Think for a moment, how much it was necessary to teach your body, in training it to walk. First, to balance yourself upright on two feet without falling. Secondly, to balance yourself on one foot without falling. Thirdly, to move the body. Fourthly, to give it the direction in which you wanted to go. And yet we call walking a “mechanical,” and not a mental, effort.
If you are determined to paint, and love the creations of nature and art well enough to try and imitate them, you will be constantly studying effects in light and shade on rocks, stones, cliffs, towers, steeples. You will observe and study, and be rejoiced at the many changing aspects and colors of the sky, as you never were before. You will discover, as you continue to observe, that nature has a different shade of color for every day in the year, and almost every hour of the day. You will suddenly find in all this a new and permanent recreation, without money and without price. You will then find new interests and new sources of amusement in studying the works of painters and their methods, which will be revealed to you just so fast as your appreciation grows up to them.
The same principle will apply to any branch of mechanics or art,—to anything. Of course, it is best to pursue that for which you have the most inclination, that is, admiration for. If you are in any occupation that does not suit you, and you want to engage on some art that does suit you, if you have fifteen minutes in the day to spare, commence on that art.
If it is painting, paint a brickbat in some idle moment as well as you can, and only as a means of amusement. If it is carving, you have always the means for practice, if you have a jack‑knife and a bit of wood. If it be music, a banjo or guitar with but a single string will give you means for practice. For you must commence in the simplest way, even as you crept before you walked. There must be imperfect effort before there can be relatively perfect result.
Because, when you do so commence, you commence to practice with one instrument far more ingenious and complicated than any you can buy for use in your art; namely, your mind.
If we commence in this way, we commence something else; we commence drawing toward us ways, means, helps, and agencies unseen, but powerful, to help us.

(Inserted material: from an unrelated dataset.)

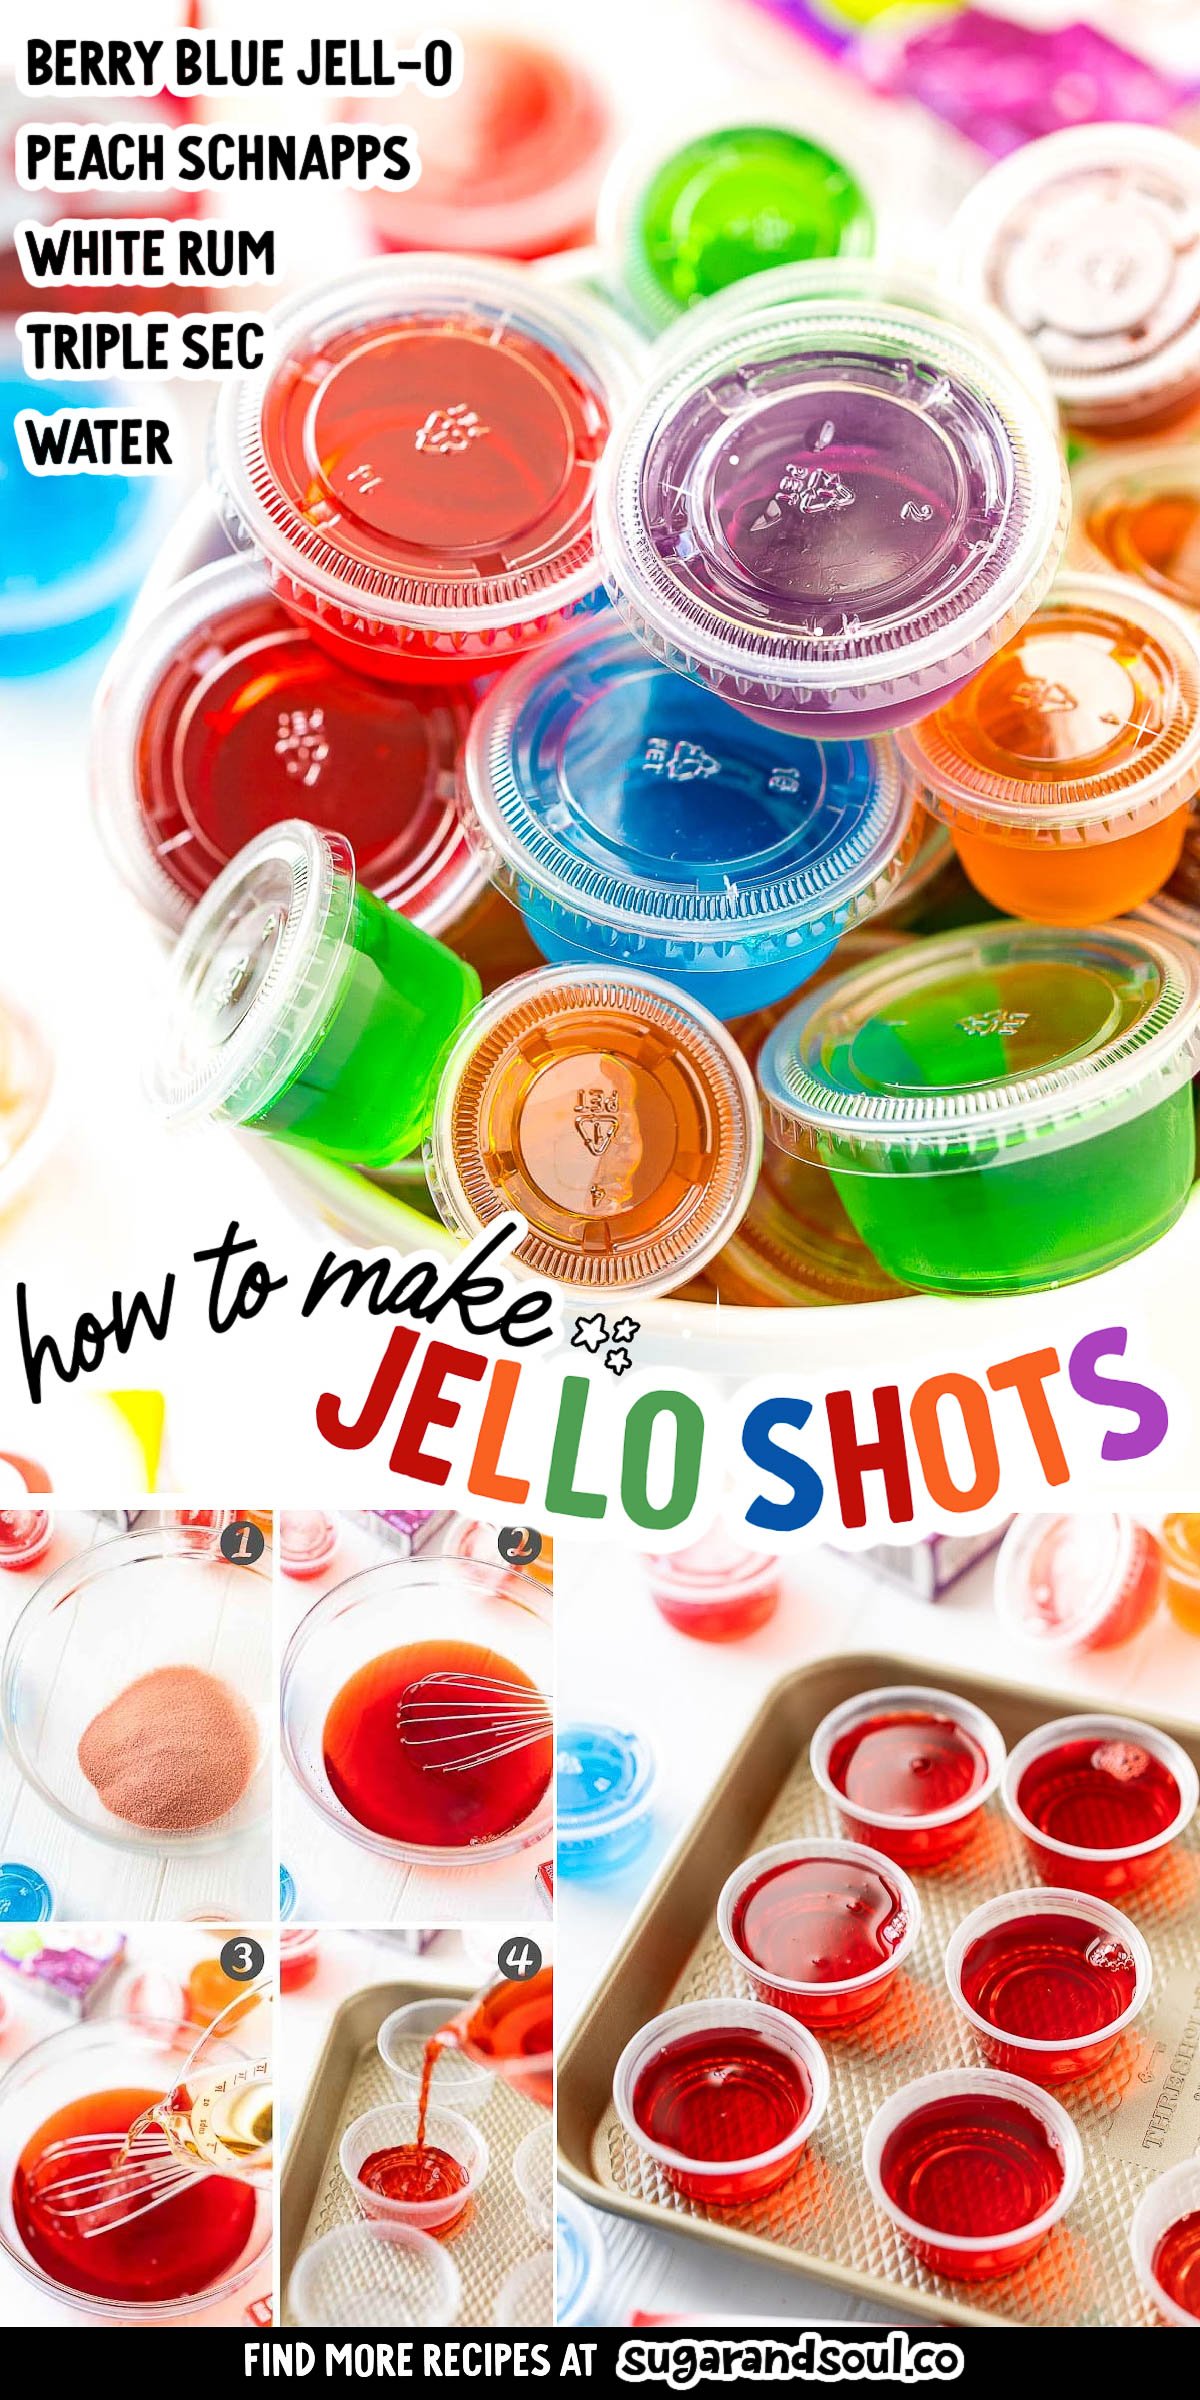 Looking for a fun, easy, and fruity cocktail for parties? These shots are made with Jell-O or gelatin and alcohol! This is the Ultimate Guide for How To Make Jello Shots where I'll share tips, ideas, and some of my favorite recipes! via @sugarandsoulco

We are not to expect success in an hour, a day, a month, a year. But if we persist, a relative success is coming all the while. The effort of this month is better than that of last. There may come periods of weariness and discouragement; periods when, as we look back, we seem to have made no advance; periods, in fact, when we seem to have gone back, when we seem doing worse than at the start; periods when we lose all interest in the work. It makes us sick to look at it, even to think of taking it up again; and a certain sense of guilt at our neglect intensifies the sickness.
That is a mistake. If, in our music, our painting, our profession, our business, be it what it may, we strive for some certain result, and fail time after time, and week after week, to effect it, yet we are still advancing toward it.
We may not see such advance. That is because the advance is not in the direction we think it should be. There may be a screw loose in a part of our mental being that we have taken no note of, which keeps us back. That screw, in very many cases, lies in the state of mind in which we take up our work or pursuit.
We may be too anxious or impatient. We take up the pen, the brush, or the tool, in a hurried frame of mind. We want to do too many things at once. Or we endeavor to crowd the doing of several things in too short a limit of time. Or we are unable to dismiss all thought, save what bears on the effort now in hand.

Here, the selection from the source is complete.